Hinz kam um die Ecke und nickte.

„Und wenn du und deine Männer eintreten wolltet,“ fuhr ich fort, an den König gewandt, „dann hätten wir einen feinen Eintopf auf dem Feuer. Und das Bier ist ungewöhnlich gut, seit Gandalf hier vorbeikam und einen freundlichen Spruch darüber gesagt hat.“

Streicher trat zurück, um seine Herrin vorzulassen und sagte etwas zu ihr, das ich nicht mitbekam, und dann folgten wir ihm alle nach drinnen. Als ich die Tür zu machte, schwoll das Gerede der Leute draußen ordentlich an.

Der König ging geradewegs in den Schankraum und schaute sich um, und der Waldläufer, der vorher mit mir gesprochen hatte, stand auf und verbeugte sich.

„Mein Herr Elessar.“ sagte er. Streicher schien erfreut zu sein, ihn zu sehen, und sie unterhielten sich ein bisschen, während ich ihnen Krüge mit Bier brachte und Kunz losschickte, um Eintopf aus der Küche zu holen. Ich war nicht so ganz sicher, ob die Königin Bier wollte und schaute mich um, was wir sonst noch hatten – ein Tropfen von dem Roten aus Stadel war noch da – aber sie kam zu mir herüber, als ich mir die Flasche anschaute.

"Bier ist schon recht, Herr Butterblüm.“

Ich schaute hoch, hinein in ihre Augen, und zum zweiten Mal an diesem Tag blieb mir die Luft weg. Diese... sie... also, es war unnatürlich, das war’s... als ob sie Lichter in ihren Augen hätte oder so etwas. Sie lachte.

„Trinken die Frauen von Bree denn kein Bier?“

„Also...“ sagte ich. „Ähm...“

„Ein paar schon.“ sagte der König, der mit dem Waldläufer hinter ihr herkam. „Barliman... meine Herrin und Königin, Arwen.“ Er ergriff einen der Bierkrüge und nahm einen tiefen Zug. „Nun, das habe ich vermisst. Sie können keine anständige Halbe Bier brauen in Minas Tirith, obwohl sie es versuchen.“

Er reichte seiner Königin einen Krug und beide gingen und setzten sich hin, so gemütlich wie man es sich nur wünschen kann, gleich neben diesem Waldläufer mit dem Schlamm auf seinen Stiefeln. Und da blieben sie fast den ganzen Nachmittag; erst aßen sie unseren Eintopf und dann empfingen sie jedermann, der mit ihnen sprechen wollte. Es stellte sich heraus, dass eine Menge Leute das wollten, und der Rest kam, gaffte und trank. Ein guter Nachmittag war das, und sie leerten drei Fässer bis auf den letzten Tropfen.

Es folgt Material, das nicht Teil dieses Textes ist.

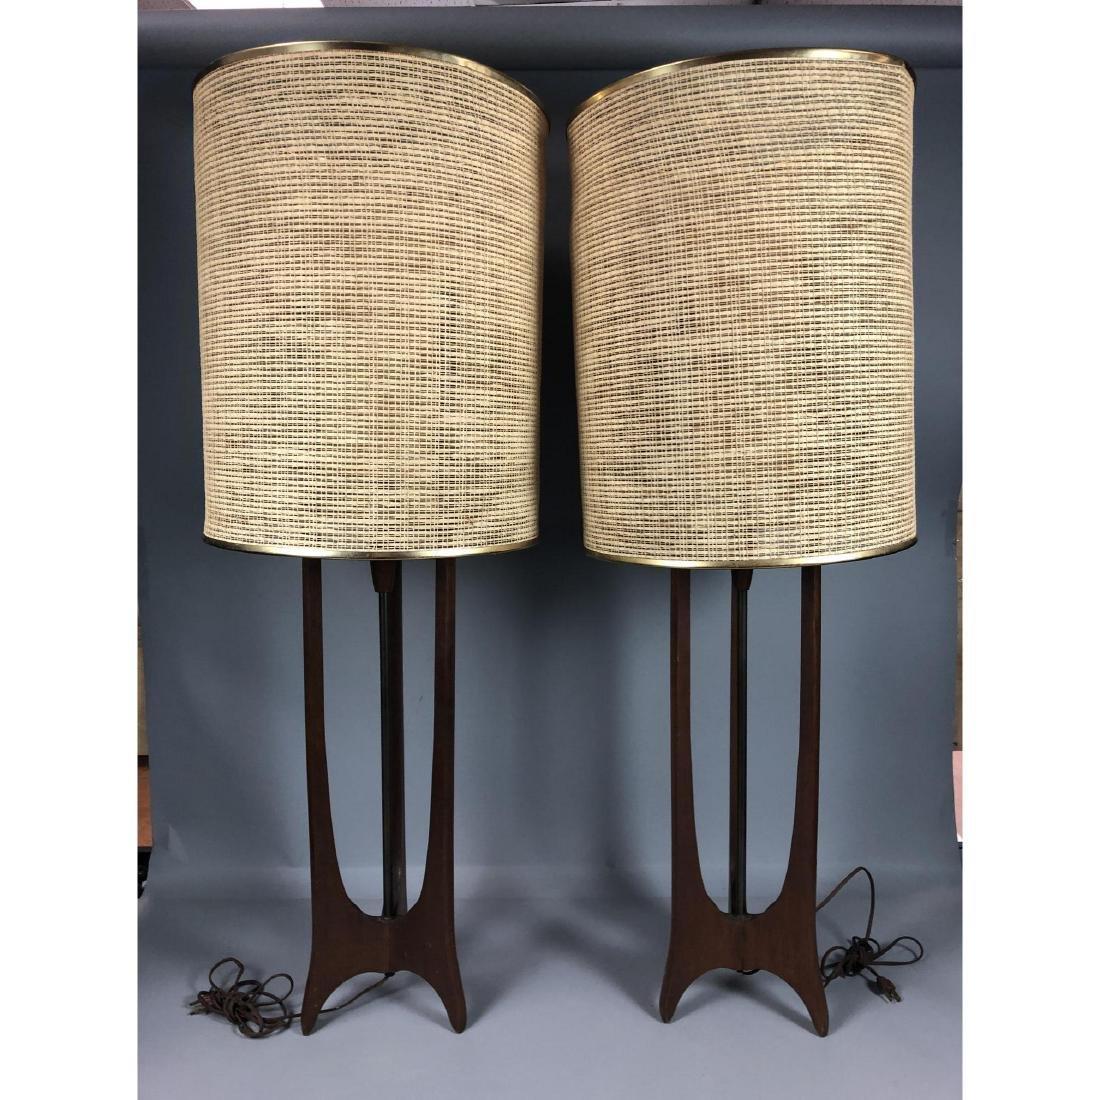 Pr MODELINE Walnut Brass Tall Table Lamps. 3 scul

Wir gaben dem König und der Königin das beste Zimmer im Gasthaus, und sie schienen damit zufrieden zu sein. Ich konnte mir nicht helfen... ich erinnerte mich an die Zeiten, als ich Streicher in den Ställen schlafen ließ und ihm seinen Platz im Schankraum nicht gönnen mochte, wegen dem Schlamm, den er mit sich hereintrug.

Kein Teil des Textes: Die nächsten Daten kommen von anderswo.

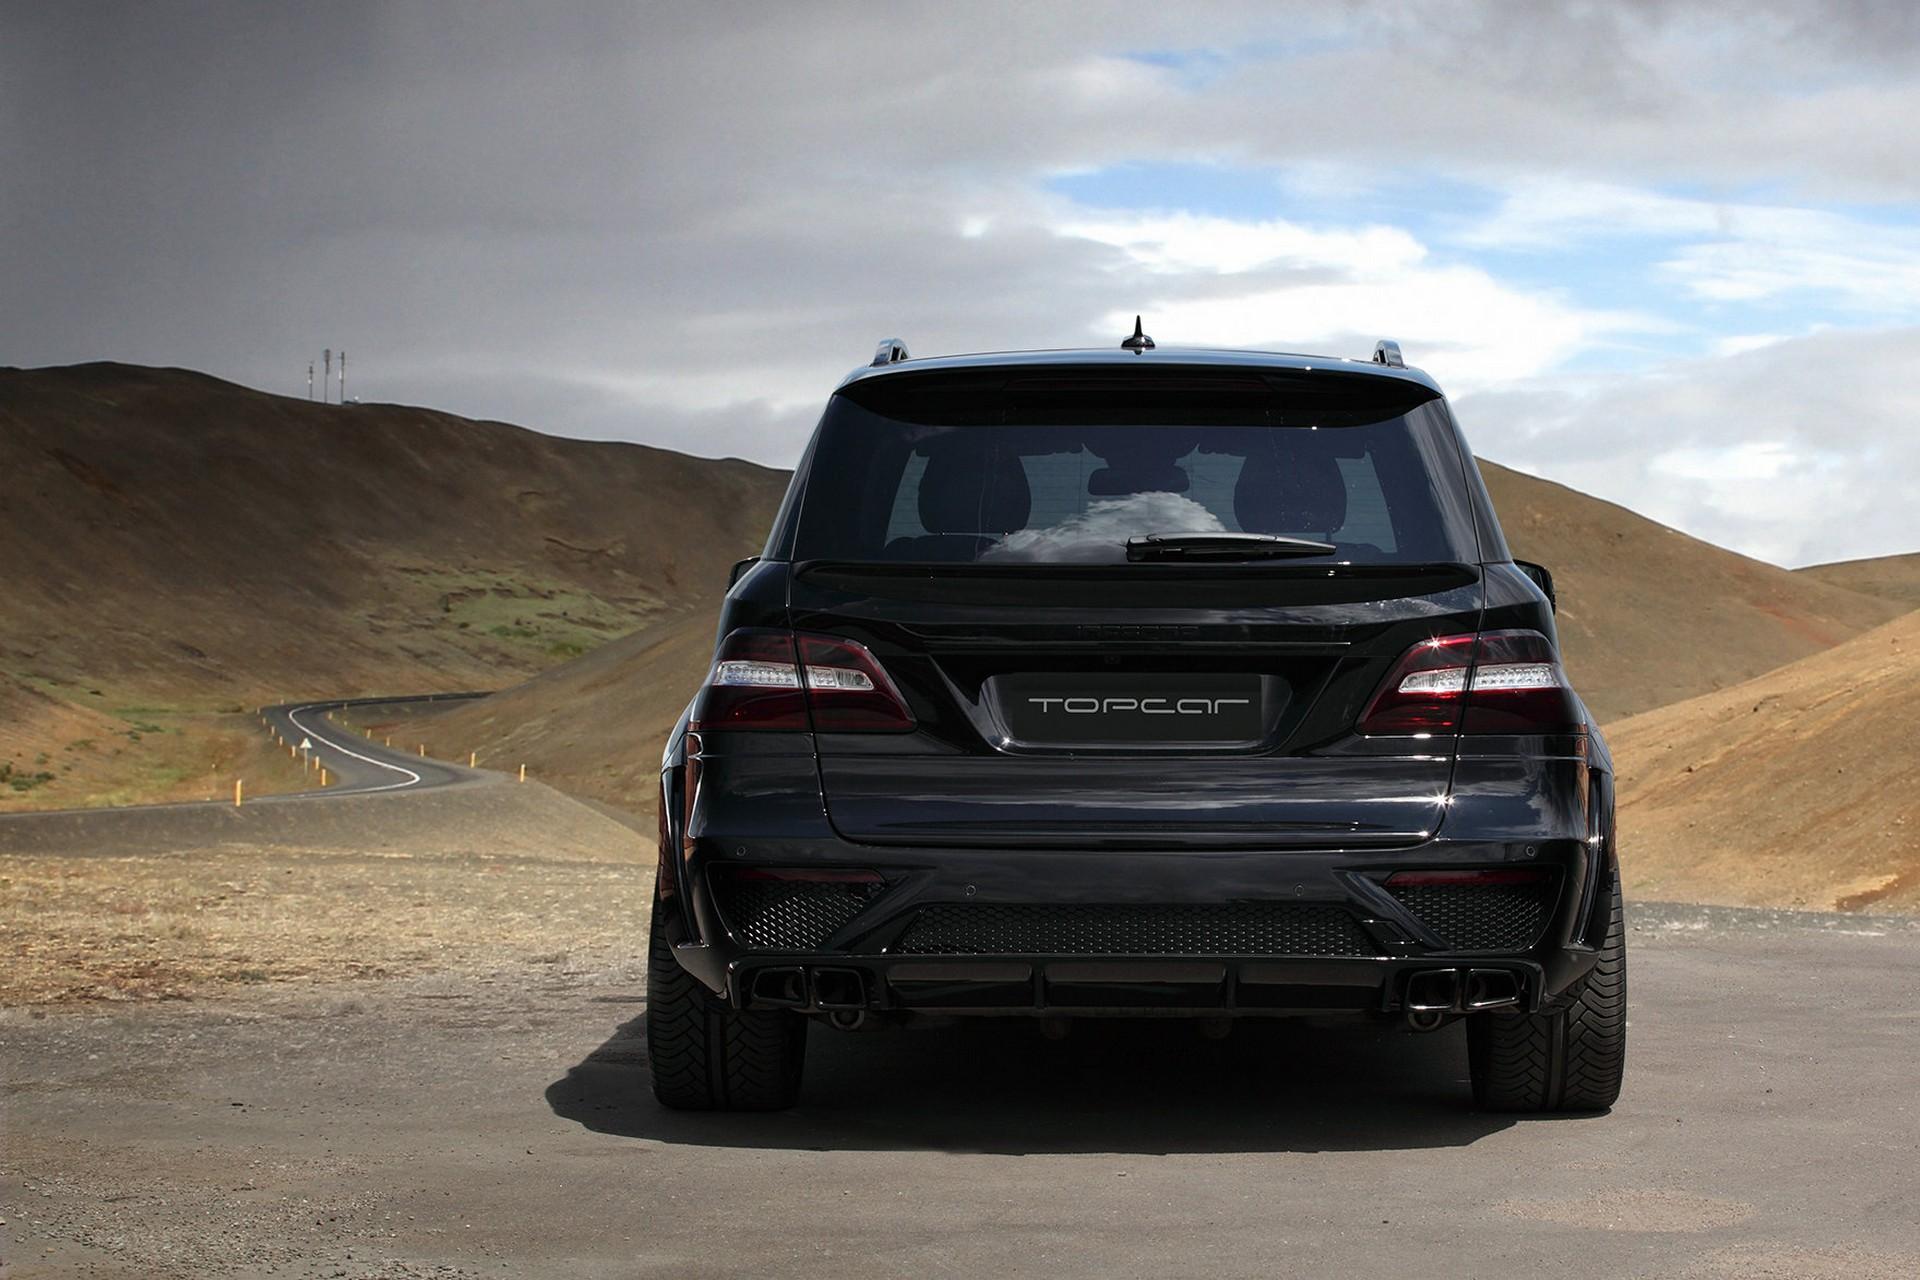 Mercedes Benz ML 6.3 AMG INFERNO Black.

Um den Rest zu erzählen, sie blieben drei Tage im „Pony“, reisten ein bisschen herum und schauten sich tagsüber die Gegend an. Der König sagte, dass es keinem von uns großen Leuten noch länger erlaubt wäre, das Auenland zu besuchen, weil es ein Land nur für die Hobbits sei – scheinbar kann das kleine Volk aber immer noch nach Bree reisen, also wird es uns wohl nicht allzu hart ankommen.

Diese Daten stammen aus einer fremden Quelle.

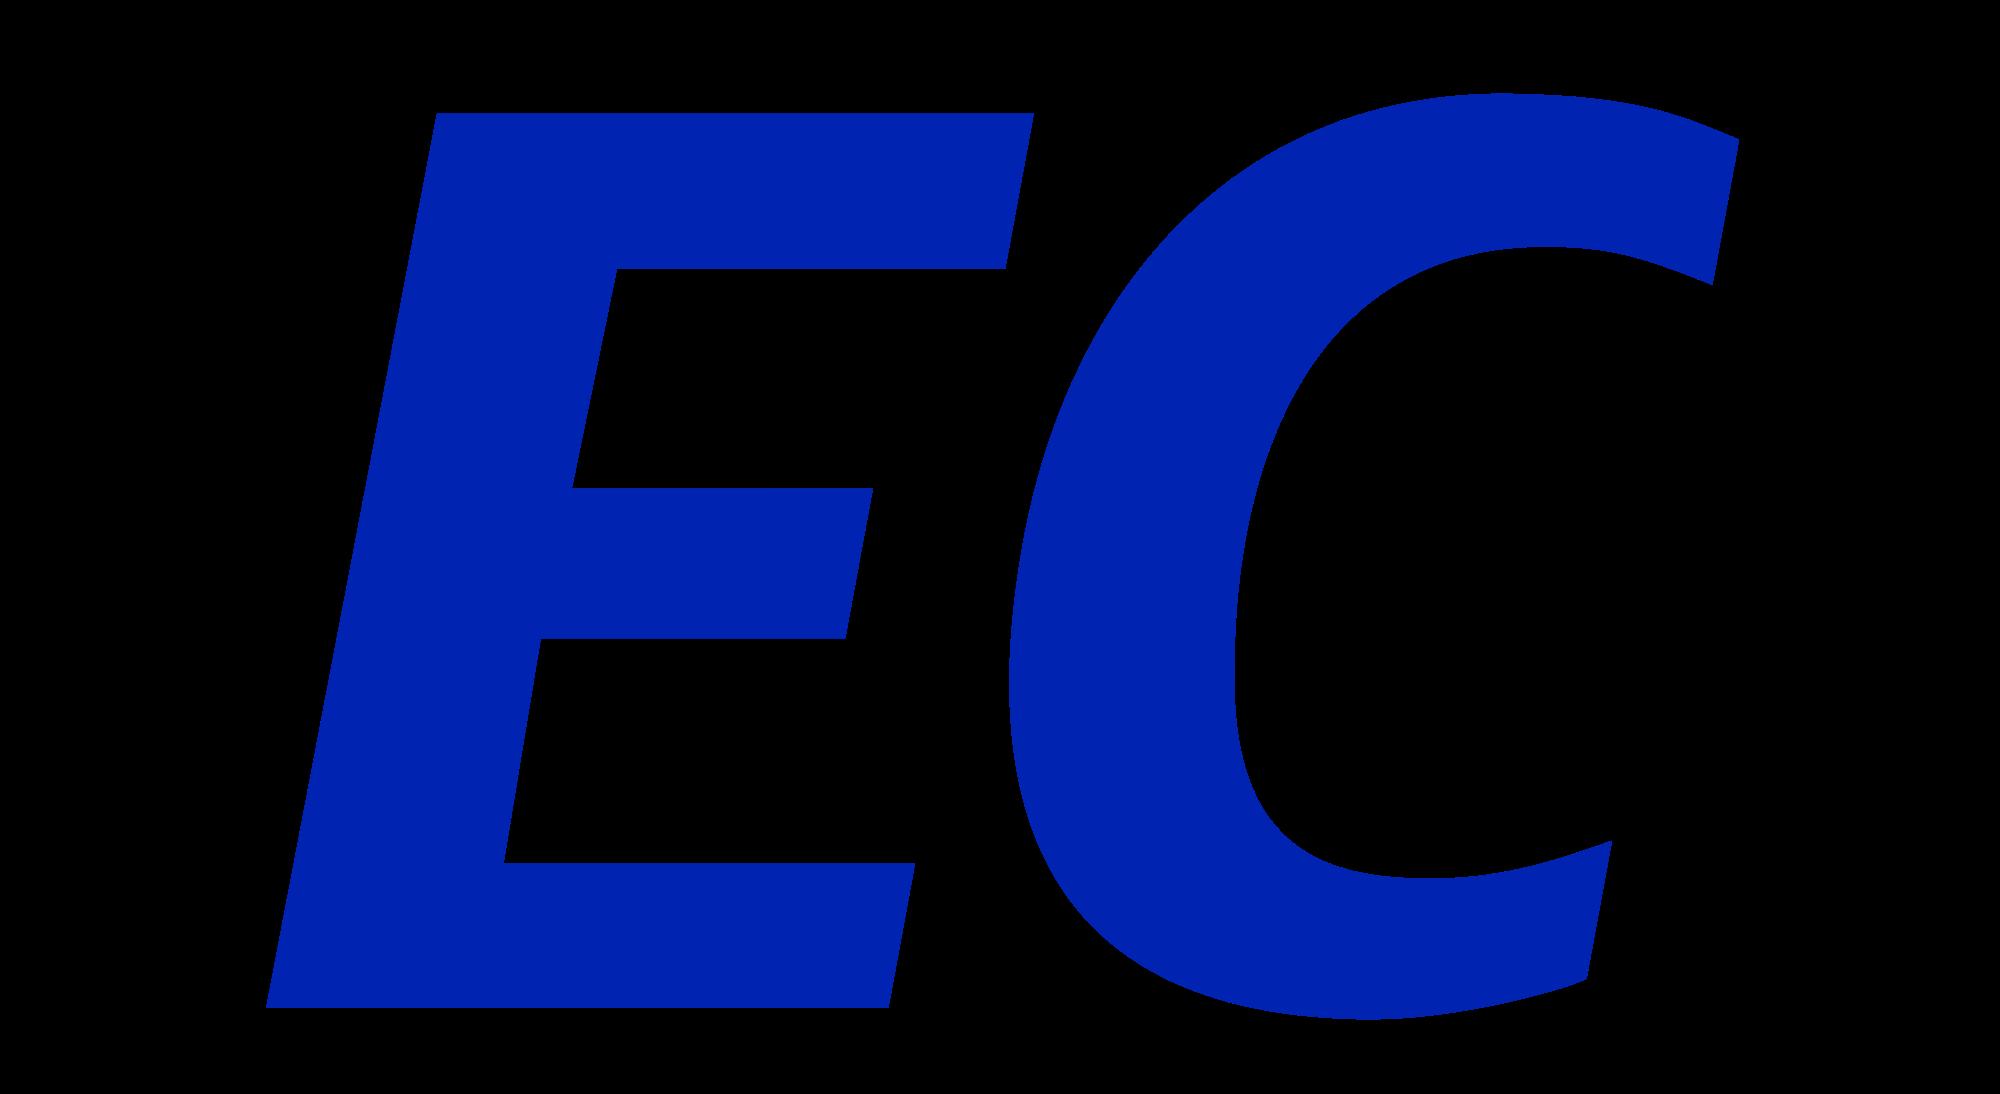 EC_Icona

Bevor sie gingen, bezahlte uns Streicher sehr anständig für Speise, Trank und Unterkunft. Es war das erste Mal, dass es mir je leid tat, ihn gehen zu sehen, denn das Gasthaus war belebter gewesen als seit vielen Tagen. Er und seine Herrin bestiegen ihre Pferde, und die Wache erhob ihr Banner, und weg waren sie die Straße hinunter, und das ganze Stadtvolk schaute zu. Als sie durch das Tor ritten, brandete Jubel auf. Das letzte, was wir vom König sahen, war sein Schwert, das es zum Gruß in die Luft reckte.

Wo genau dieses Arnor liegen soll, habe ich übrigens nie herausgekriegt.